* [Data items]
------------------------------------
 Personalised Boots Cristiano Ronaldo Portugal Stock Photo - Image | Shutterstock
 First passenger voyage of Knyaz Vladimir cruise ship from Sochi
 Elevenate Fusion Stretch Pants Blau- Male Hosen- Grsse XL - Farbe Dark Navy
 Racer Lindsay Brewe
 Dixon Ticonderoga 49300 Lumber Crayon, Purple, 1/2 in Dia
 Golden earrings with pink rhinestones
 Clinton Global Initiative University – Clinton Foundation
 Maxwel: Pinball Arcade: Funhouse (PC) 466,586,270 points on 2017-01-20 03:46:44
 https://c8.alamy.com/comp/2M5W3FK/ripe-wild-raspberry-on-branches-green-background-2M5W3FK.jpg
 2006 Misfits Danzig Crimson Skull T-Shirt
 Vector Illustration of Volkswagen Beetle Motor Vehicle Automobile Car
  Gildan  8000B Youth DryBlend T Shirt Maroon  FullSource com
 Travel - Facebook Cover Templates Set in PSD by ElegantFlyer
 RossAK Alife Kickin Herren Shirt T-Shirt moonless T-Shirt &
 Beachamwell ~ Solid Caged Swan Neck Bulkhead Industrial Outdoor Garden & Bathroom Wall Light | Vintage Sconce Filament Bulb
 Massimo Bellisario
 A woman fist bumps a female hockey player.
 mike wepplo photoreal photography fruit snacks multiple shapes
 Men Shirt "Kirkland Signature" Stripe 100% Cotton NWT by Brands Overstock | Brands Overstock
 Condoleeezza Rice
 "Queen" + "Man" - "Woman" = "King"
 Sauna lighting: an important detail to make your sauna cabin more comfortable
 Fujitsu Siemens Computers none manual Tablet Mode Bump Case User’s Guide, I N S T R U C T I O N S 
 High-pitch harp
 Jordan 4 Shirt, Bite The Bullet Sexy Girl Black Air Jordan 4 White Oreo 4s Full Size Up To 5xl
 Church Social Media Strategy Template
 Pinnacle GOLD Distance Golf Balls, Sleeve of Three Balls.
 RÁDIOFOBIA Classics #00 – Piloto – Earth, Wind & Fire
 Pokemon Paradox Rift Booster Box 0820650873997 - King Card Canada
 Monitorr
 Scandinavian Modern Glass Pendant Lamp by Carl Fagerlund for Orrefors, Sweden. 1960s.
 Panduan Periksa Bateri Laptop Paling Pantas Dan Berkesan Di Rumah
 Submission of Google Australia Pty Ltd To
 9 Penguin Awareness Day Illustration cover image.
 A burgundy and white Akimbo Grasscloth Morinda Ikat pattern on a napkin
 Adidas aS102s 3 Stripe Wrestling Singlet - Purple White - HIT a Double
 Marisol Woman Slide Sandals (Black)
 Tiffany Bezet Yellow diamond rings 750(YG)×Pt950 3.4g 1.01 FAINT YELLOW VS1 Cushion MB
------------------------------------
* [Task instructions]
State the number of lines in these entries where the word "Black" occurs, without any other words.

* [Written solution]
2